DATA SEGMENT ▸
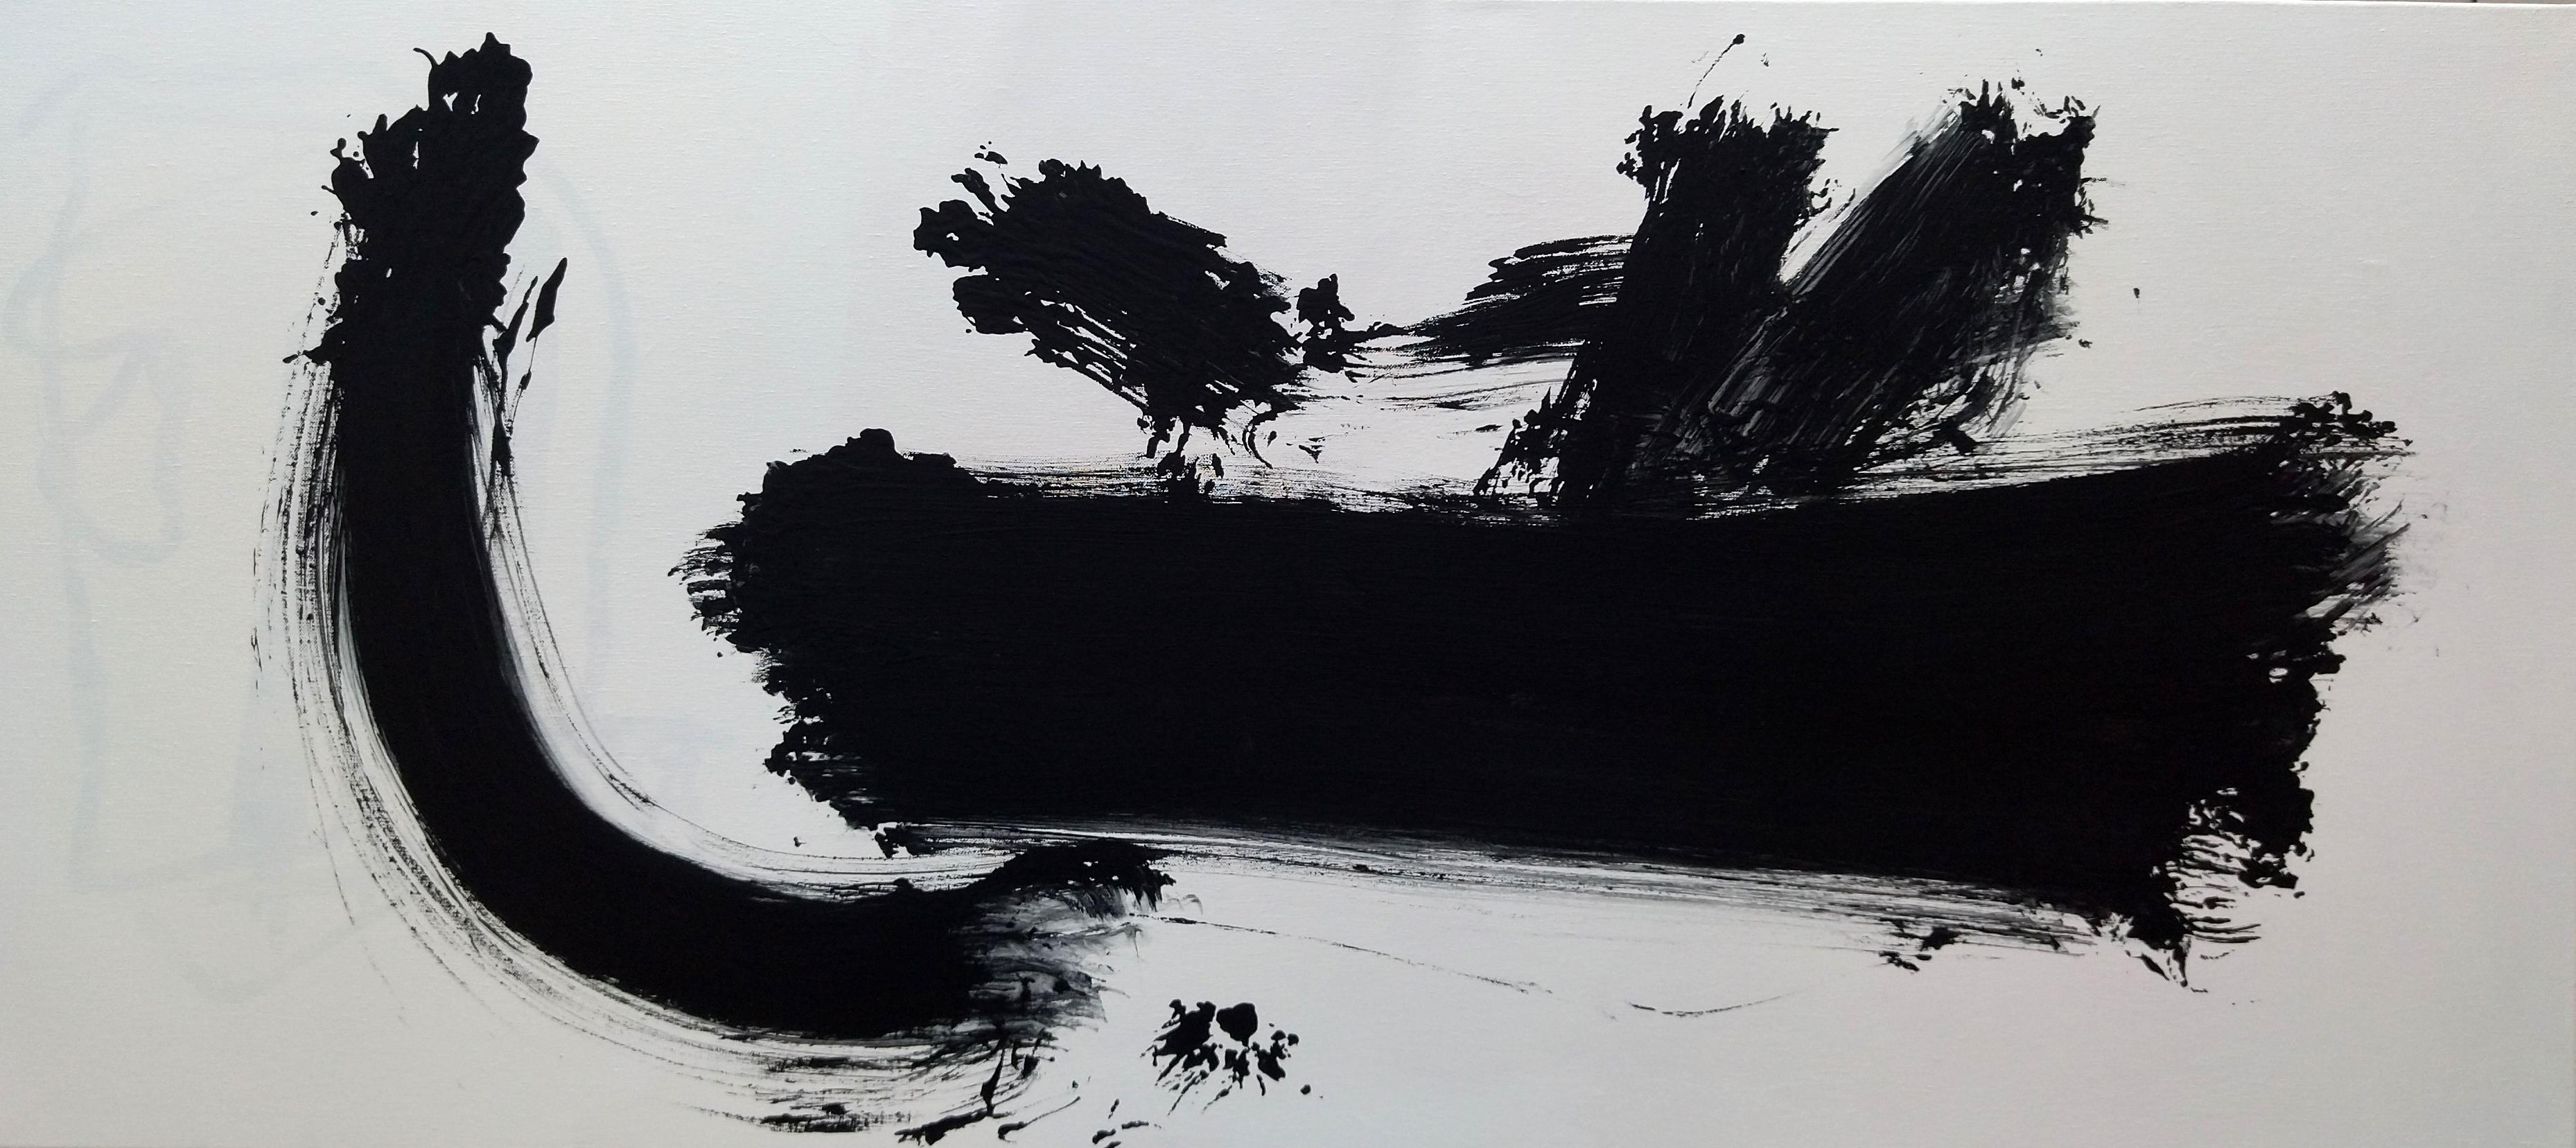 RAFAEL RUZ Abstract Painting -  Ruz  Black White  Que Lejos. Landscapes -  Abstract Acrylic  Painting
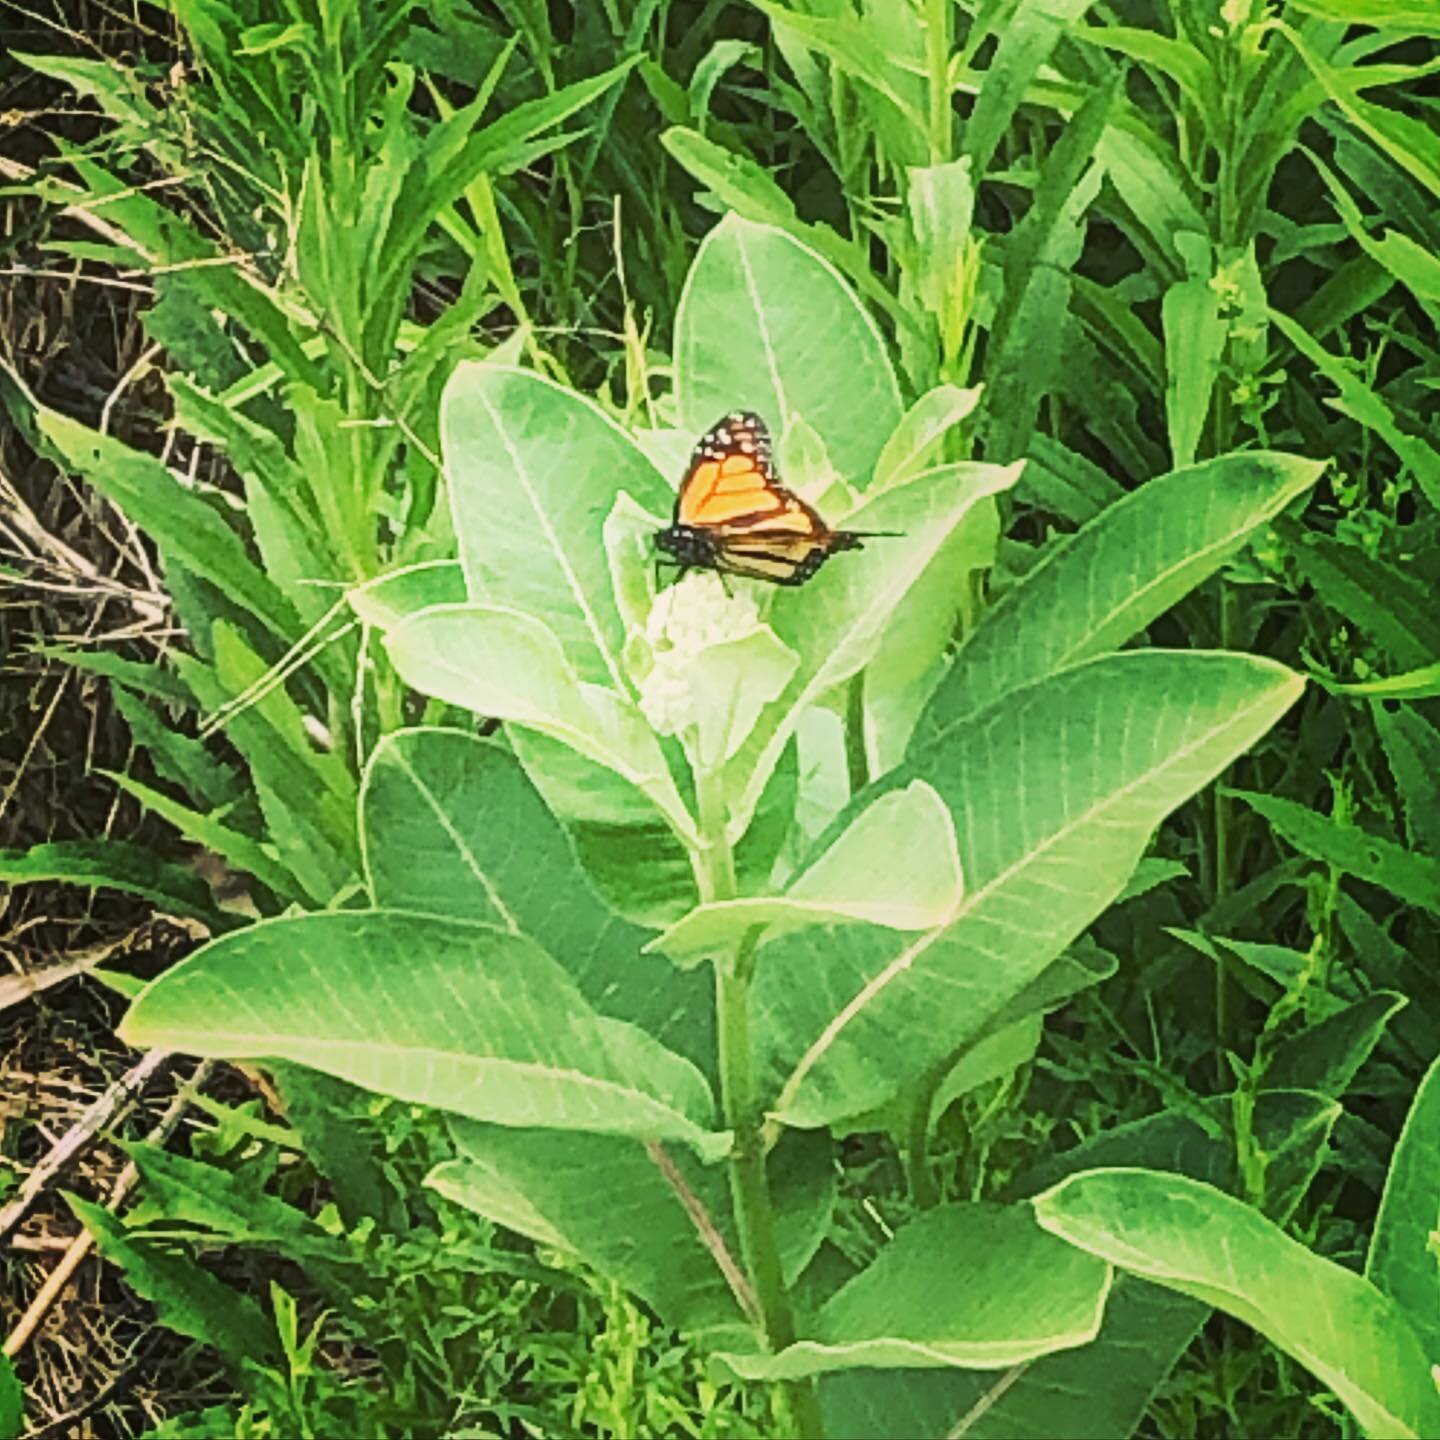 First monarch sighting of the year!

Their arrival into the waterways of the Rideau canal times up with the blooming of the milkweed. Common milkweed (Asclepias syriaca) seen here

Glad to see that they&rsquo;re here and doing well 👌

EXERCISE ▸ Repeat the material above exactly; pictures do not belong in the copy.

OUTPUT BELOW ▸
 RAFAEL RUZ Abstract Painting -  Ruz  Black White  Que Lejos. Landscapes -  Abstract Acrylic  Painting
 First monarch sighting of the year!

Their arrival into the waterways of the Rideau canal times up with the blooming of the milkweed. Common milkweed (Asclepias syriaca) seen here

Glad to see that they&rsquo;re here and doing well 👌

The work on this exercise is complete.